Ноэми пыталась представить дом, наполненный смехом, пыталась представить детей, играющих в прятки, с волчком или мячом. Но не смогла. Дом бы такого не позволил. Он бы потребовал, чтобы дети сразу стали взрослыми.
– Можно задать вопрос? – спросила девушка, пока они обходили каретный сарай. Дом-на-Горе был хорошо виден – стена тумана расступилась. – Откуда у вас такое помешательство на тишине во время ужина?
– Дядя Говард очень стар и слаб и очень чувствителен к шуму. А в этом доме звук легко разносится.
– Даже до его комнаты наверху? Он не может слышать разговоры в столовой.
– Звук разносится, – с серьезным видом сказал Фрэнсис, не отрывая взгляда от старого дома. – В любом случае это его дом, и он устанавливает правила.
– И вы их не нарушаете.
Фрэнсис взглянул на нее немного растерянно, видно, ему и в голову такое никогда не приходило – нарушать. Ноэми была уверена, что этот парень никогда не пил много, не задерживался допоздна, не высказывал неправильное мнение в кругу семьи. А, ну да, он же никуда не выбирался из этого дома…
– Нет, – запоздало ответил он, и в его голосе снова послышалось смирение.
Когда они зашли на кухню, Ноэми сняла свитер и протянула ему. В кухне была одна служанка, та, что помоложе, – она сидела у плиты. Занятая работой, женщина не подняла на них взгляд.
– Оставьте себе, – вежливо предложил Фрэнсис.
– Но я не могу красть вашу одежду.
– У меня есть другие свитера.
– Спасибо, – кивнула девушка.
Парень улыбнулся.
В кухню зашла Флоренс, одетая в платье темно-зеленого цвета; она строго посмотрела на Фрэнсиса и Ноэми, словно они маленькие дети, пытающиеся стащить запретную коробку конфет.
– Пойдемте со мной на обед, – сказала она.
В этот раз за столом они были только втроем. Старик не появился, как и Вирджиль. С обедом справились быстро, и Ноэми вернулась в свою комнату.

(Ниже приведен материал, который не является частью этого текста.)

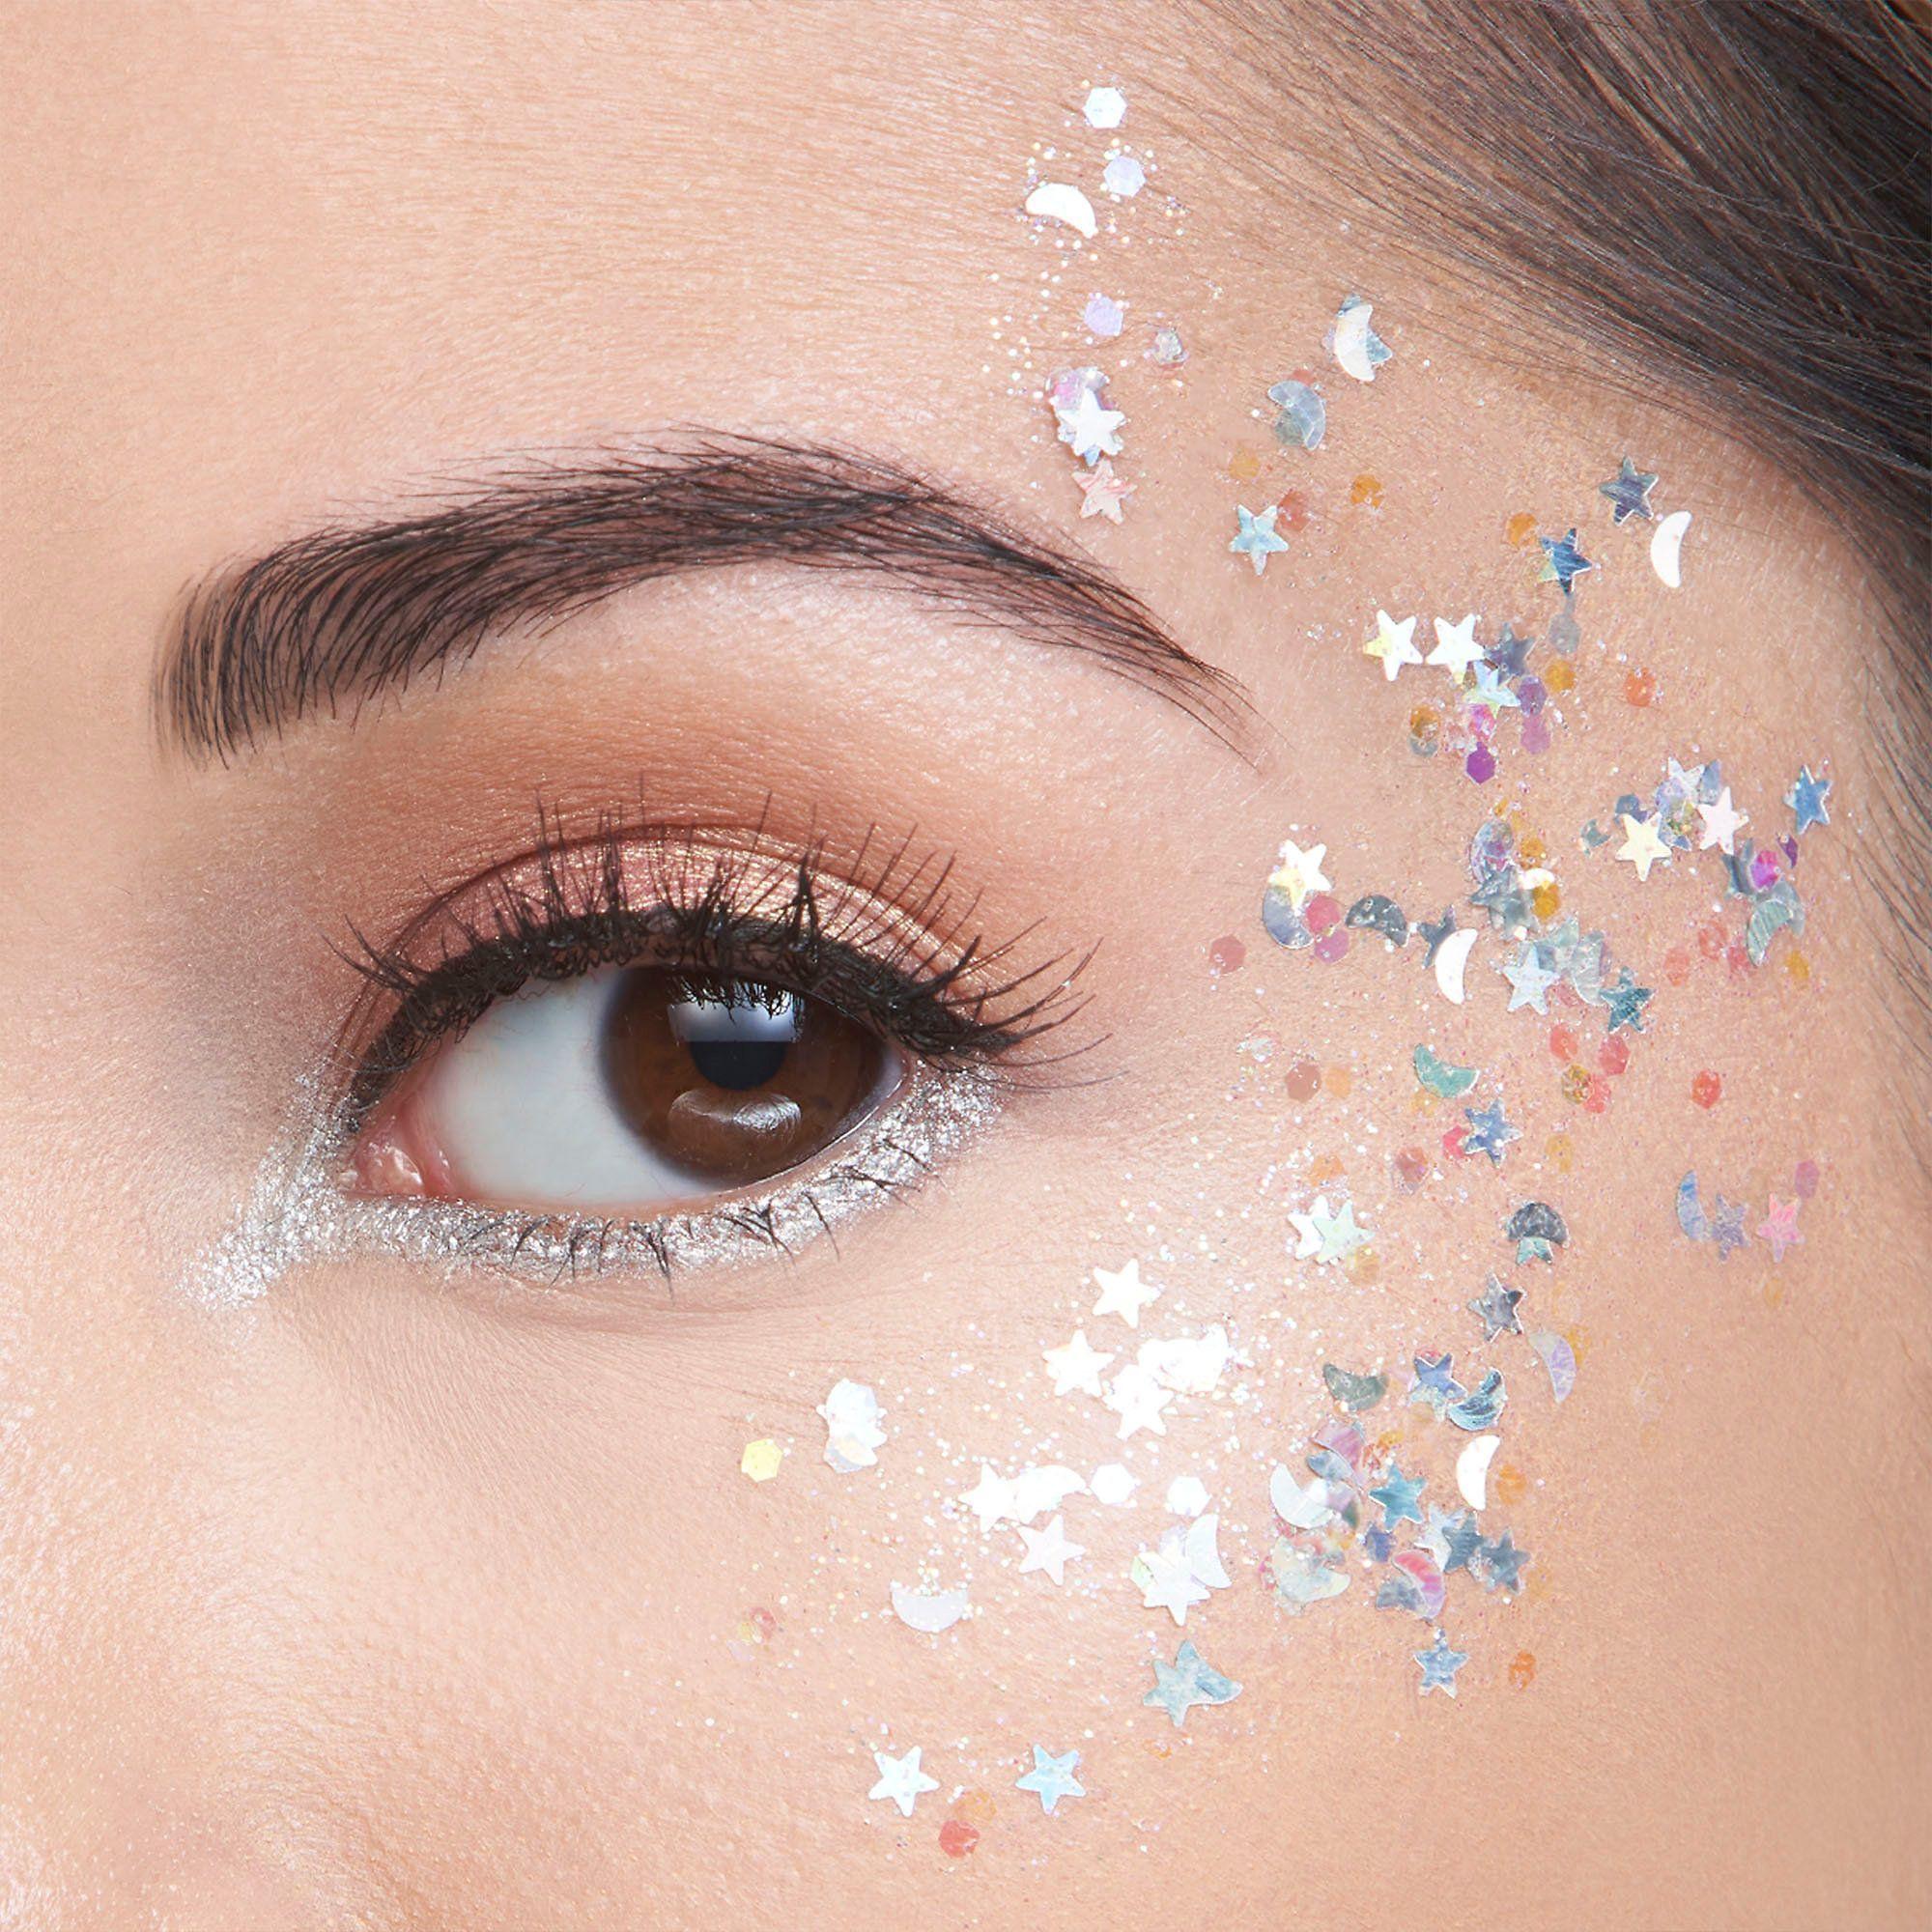 Stardust Glitter Makeup glittermakeup 3.99; The Stardust

Позже ей принесли поднос с ужином, и она сделала вывод, что совместный ужин в столовой – только для первого вечера, да и обед в компании Фрэнсиса и его матери, скорее всего, был исключением. Вместе с подносом ей принесли масляную лампу, которую она поставила у кровати. Не зная, чем себя занять, попыталась почитать книгу «Ведьмовство, оракулы и магия народа азанде»[13], которую привезла с собой, но постоянно отвлекалась. Здесь и правда хорошая слышимость, подумала она, сосредоточившись на скрипе половиц.
Ее взгляд привлекло небольшое пятно плесени на обоях в углу. Она вспомнила про зеленые обои, так любимые жителями Викторианской эпохи. В этих обоях содержался мышьяк. Так называемая парижская, или шеелева, зелень. Разве не было в одной прочитанной ею книге что-то о микроскопическом грибке, который мог действовать на краску и вызывать пары, вредные для людей?
Грибок пожирал глину на стене, вызывая невидимые химические реакции. Она не могла вспомнить название смертоносного грибка – на кончике языка вертелось латинское слово brevicaule, но brevicaule – это, кажется, кактус… Ее дедушка был химиком, а бизнес отца состоял в производстве пигментов и красок, поэтому Ноэми знала, что нужно смешать сульфид цинка и сульфат бария, чтобы получить литопон… о господи, зачем нужна эта информация?
Хотя нет, обои не были зелеными. Даже близко не были. Скорее блекло-розовые, цвета увядших роз, да еще и с уродливыми желтыми одуванчиками. На обоях были медальоны или круги – если присмотреться, можно подумать, что это венки. Возможно, она предпочла бы зеленые обои…
Когда девушка закрыла глаза, желтые круги затанцевали, словно вспышки цвета на черном.